The Theory of Everything
The extraordinary true story of one of the world’s greatest living minds, Stephen Hawking, who falls deeply in love with fellow Cambridge student Jane Wilde. Hawking receives an earth-shattering diagnosis at age 21. Together, Stephen and Jane defy impossible odds, breaking new ground in medicine and science. Starring Eddie Redmayne, Felicity Jones, David Thewlis and Emily Watson.
The Riot Club
In Danish director Lone Scherfig’s followup to An Education, two young men are inducted into the exclusive, debaucherous company of Oxford’s elite “Riot Club,” in this scathing dissection of the British class system. Based on the hit play Posh, the film stars Sam Claflin, Max Irons, Douglas Booth, Jessica Brown Findlay, Holliday Grainger.
This Is Where I Leave You
Four adult siblings return home after their father’s death to spend a week with their over-sharing mother and an assortment of spouses, exes and might-have-beens. Confronting their history and frayed relationships among those who know and love them best, they reconnect in hysterical and emotionally affecting ways. Starring Jason Bateman, Tina Fey, Jane Fonda, Adam Driver, Rose Byrne, Corey Stoll and Kathryn Hahn.
Nightcrawler
A driven young man discovers the nocturnal world of L.A. crime journalism. Joining a group of freelance camera crews who film marketable mayhem, Lou makes his own place at the table, aided by Nina, a veteran of the blood-sport that is local TV news. Blurring the line between observer and perpetrator, Lou finds his calling in a murderous world reduced to transactions. Starring Jake Gyllenhaal, Rene Russo, Riz Ahmed and Bill Paxton.
Map of the Stars
Director David Cronenberg forges both a wicked social satire and a very human ghost story from today’s celebrity-obsessed culture.

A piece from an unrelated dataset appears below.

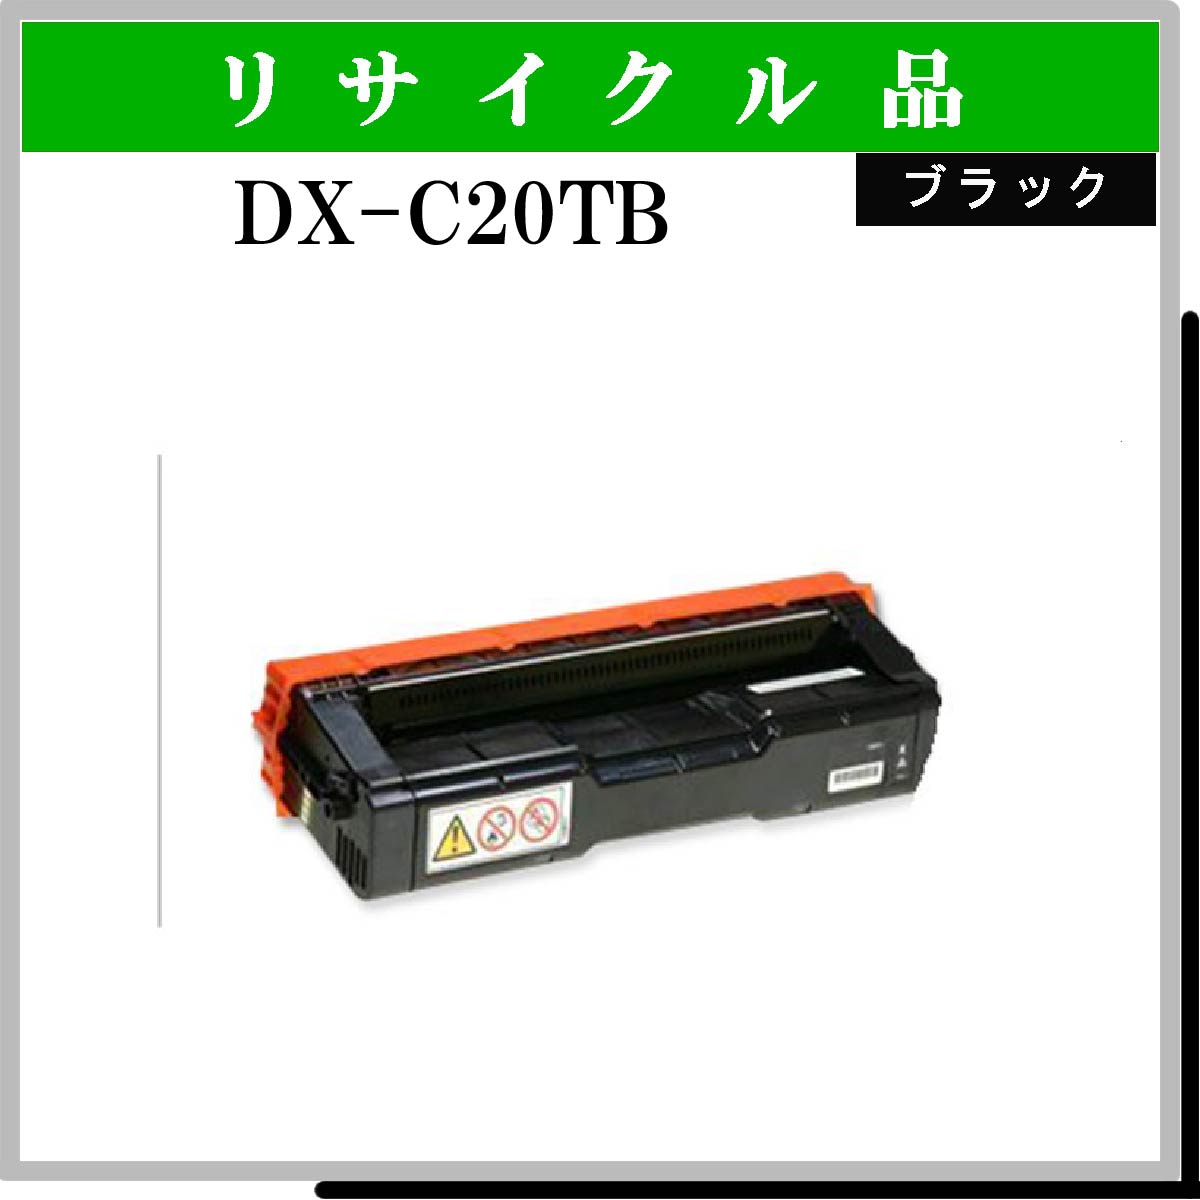 DX-C20TB

Starring Julianne Moore, Mia Wasikowska, Olivia Williams, Sarah Gadon, John Cusack and Robert Pattinson.
Oh and one more….
Mr. Turner
Mike Leigh beautifully directs Cannes Best Actor Timothy Spall in this biopic about British painter J.M.W Turner. Mr. Turner” explores the last quarter century of the great if eccentric British painter J.M.W. Turner. Profoundly affected by the death of his father, loved by a housekeeper he takes for granted and occasionally exploits sexually, he forms a close relationship with a seaside landlady with whom he eventually lives incognito in Chelsea, where he dies. Throughout this, he travels, paints, stays with the country aristocracy, visits brothels, is a popular if anarchic member of the Royal Academy of Arts, has himself strapped to the mast of a ship so that he can paint a snowstorm, and is both celebrated and reviled by the public and by royalty.